Given data:
◆ ◆ ◆ ◆
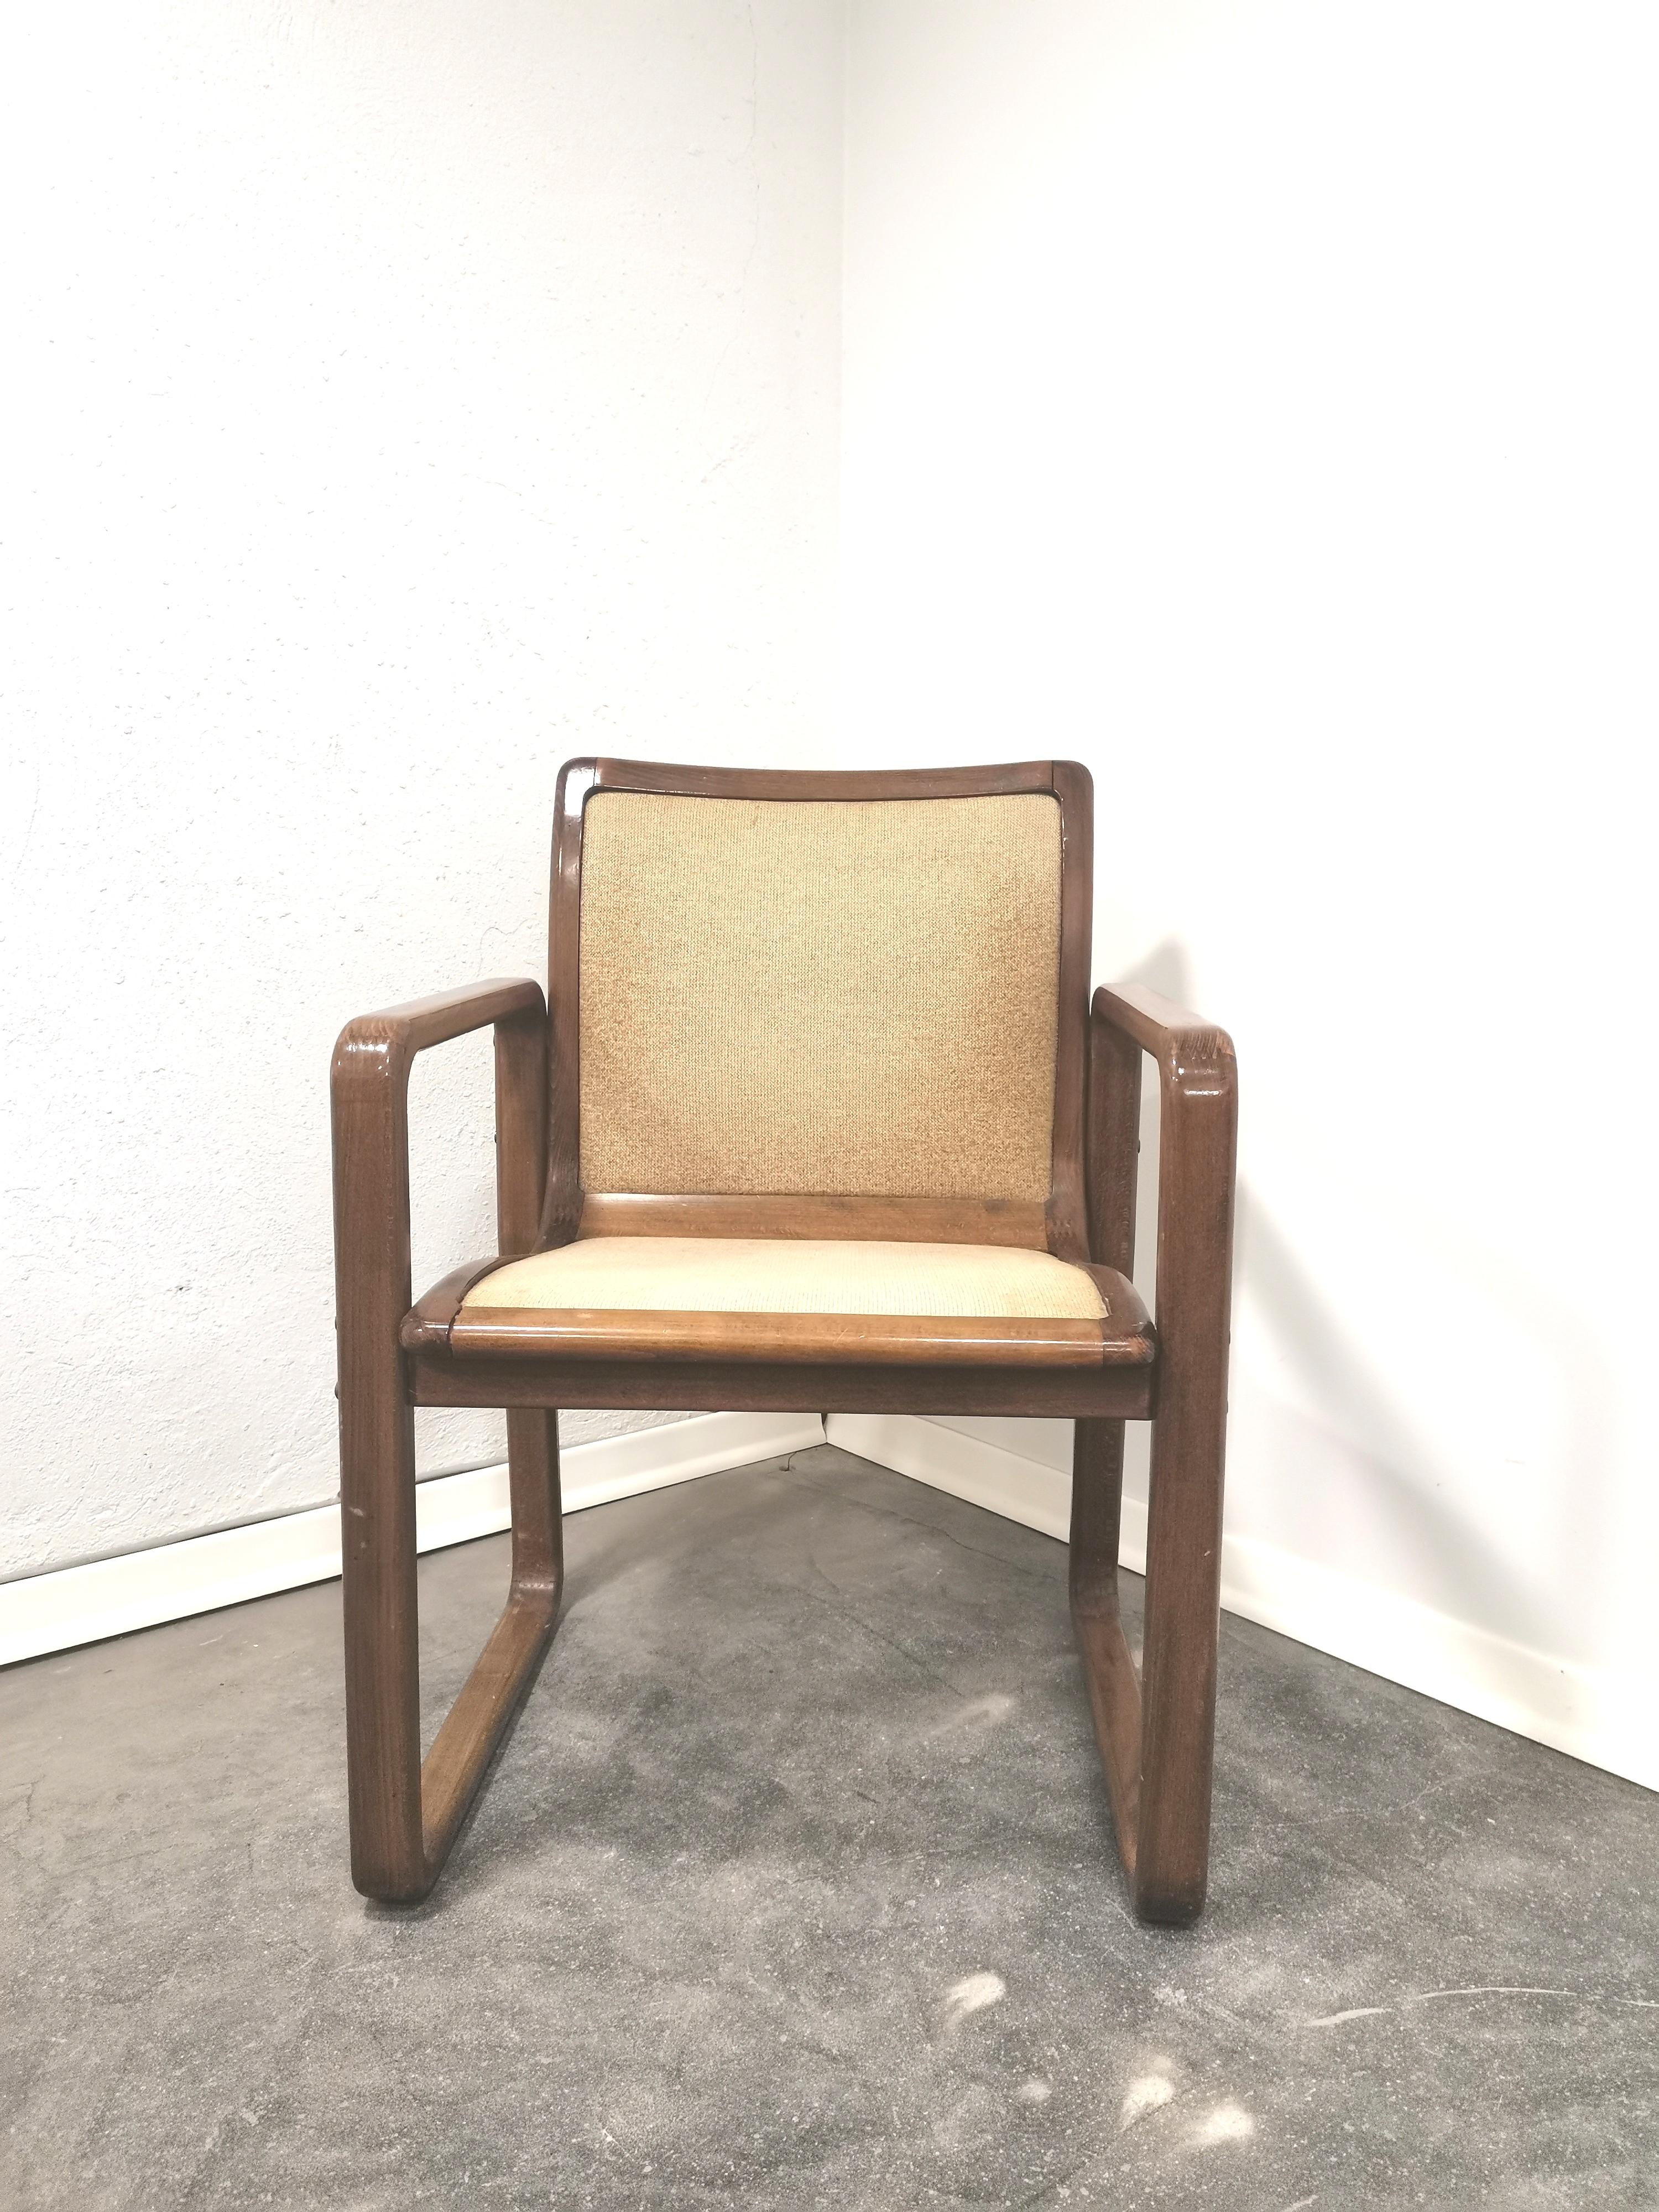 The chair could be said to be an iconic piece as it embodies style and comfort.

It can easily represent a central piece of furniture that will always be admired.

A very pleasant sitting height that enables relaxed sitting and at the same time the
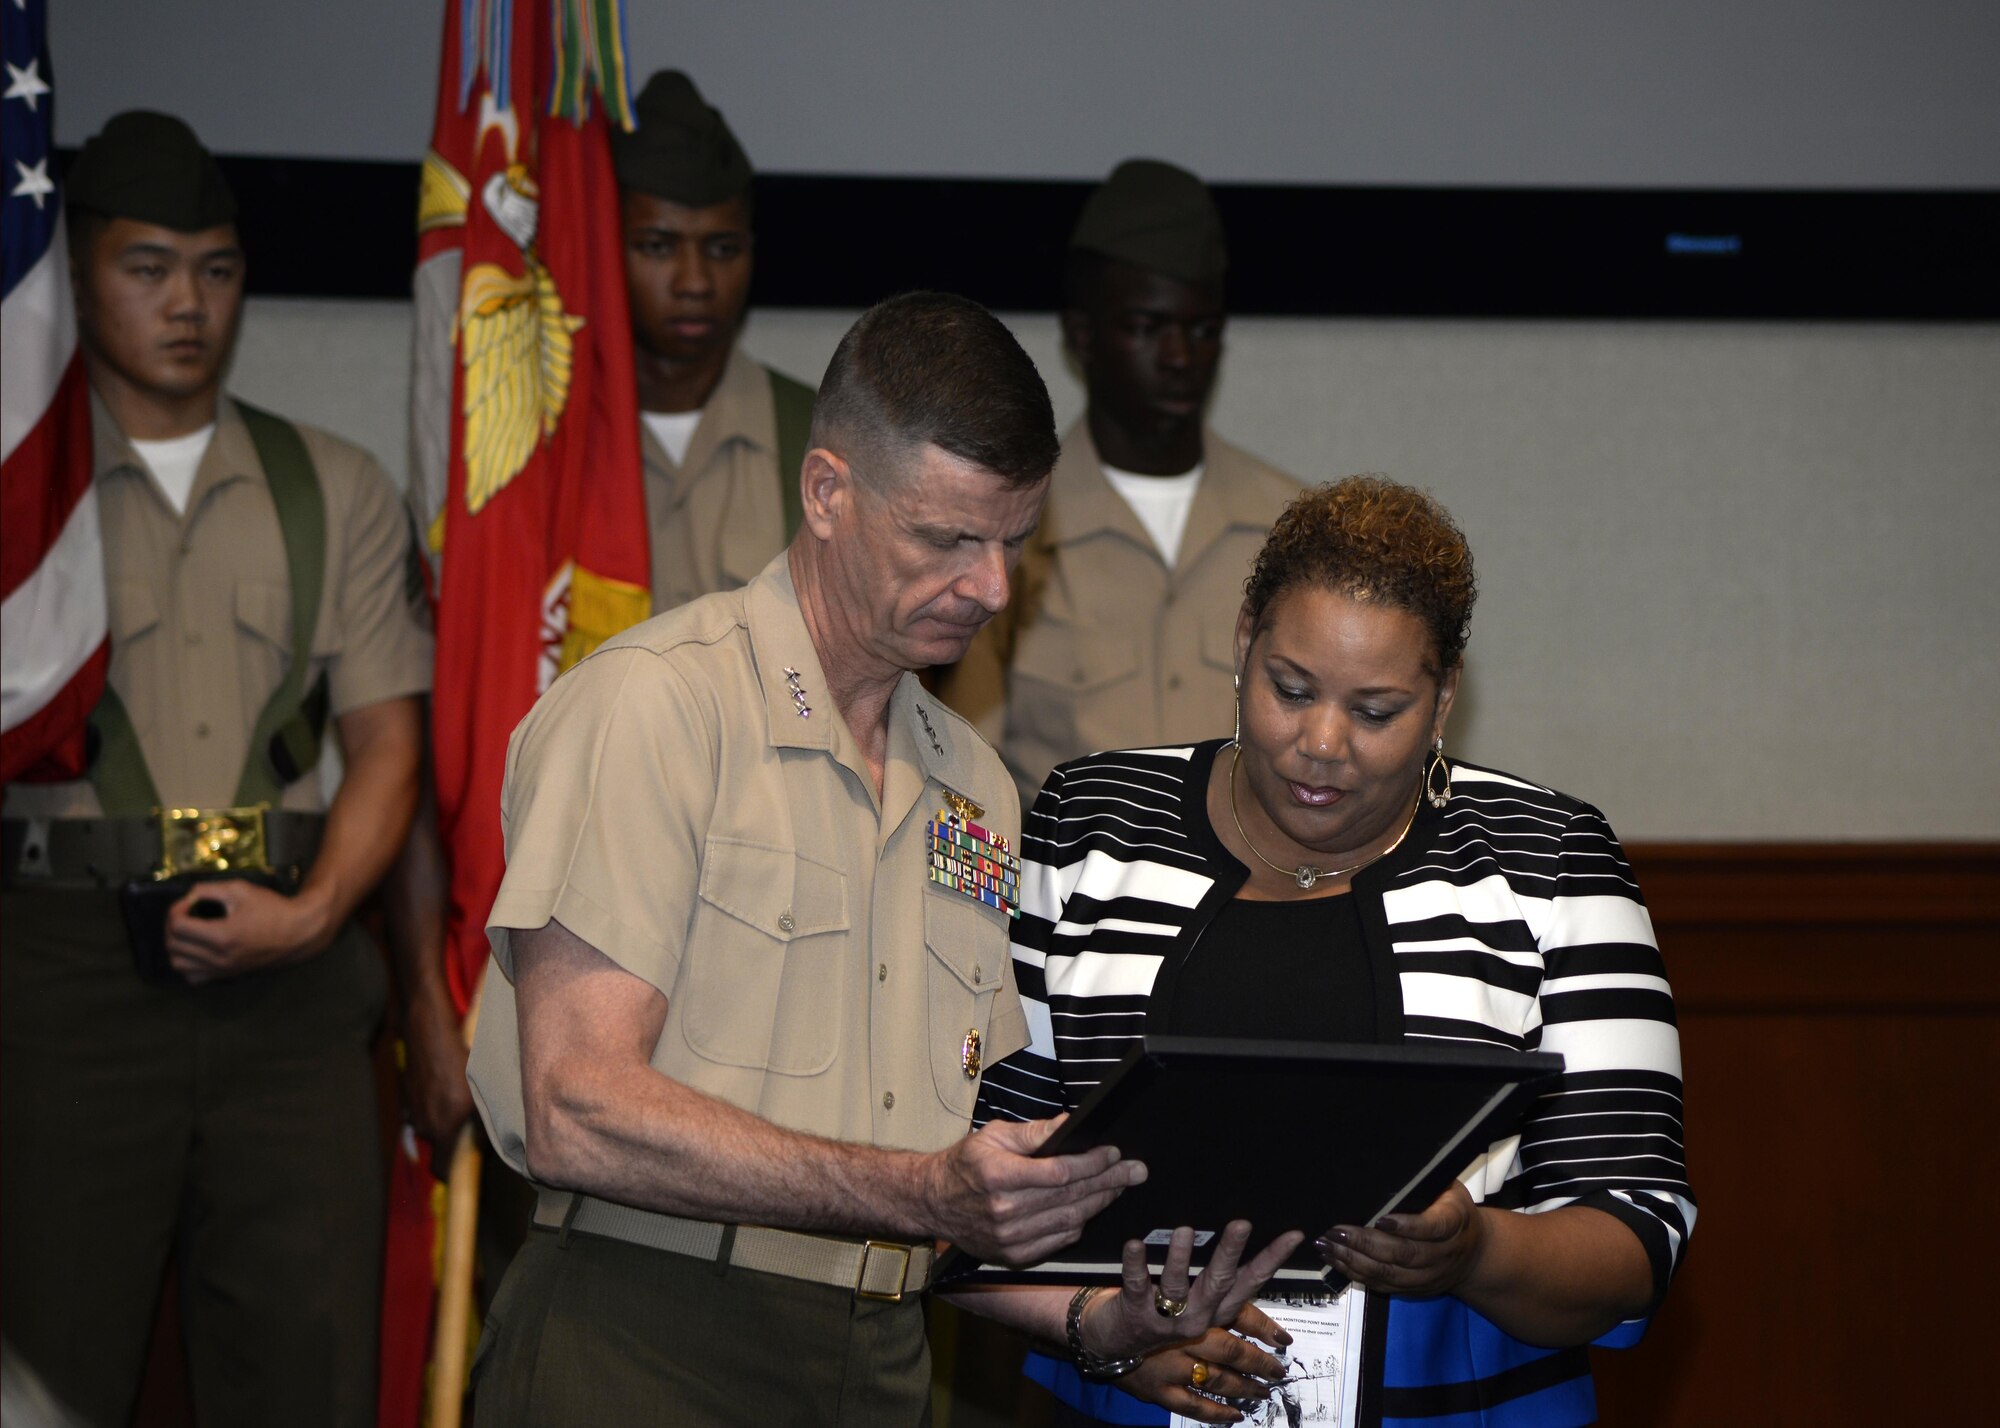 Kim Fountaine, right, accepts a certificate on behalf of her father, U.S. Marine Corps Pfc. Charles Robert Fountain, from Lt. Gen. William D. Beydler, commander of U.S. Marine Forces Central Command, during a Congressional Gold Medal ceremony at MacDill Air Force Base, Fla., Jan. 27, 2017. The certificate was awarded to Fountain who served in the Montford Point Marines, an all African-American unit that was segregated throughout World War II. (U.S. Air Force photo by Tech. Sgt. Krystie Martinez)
◆ ◆ ◆ ◆
Activity: From the very first line of the listing above through the line that holds "A very pleasant", write out each line exactly as it stands, leaving pictures out.

Exercise output:
 The chair could be said to be an iconic piece as it embodies style and comfort.

It can easily represent a central piece of furniture that will always be admired.

A very pleasant sitting height that enables relaxed sitting and at the same time the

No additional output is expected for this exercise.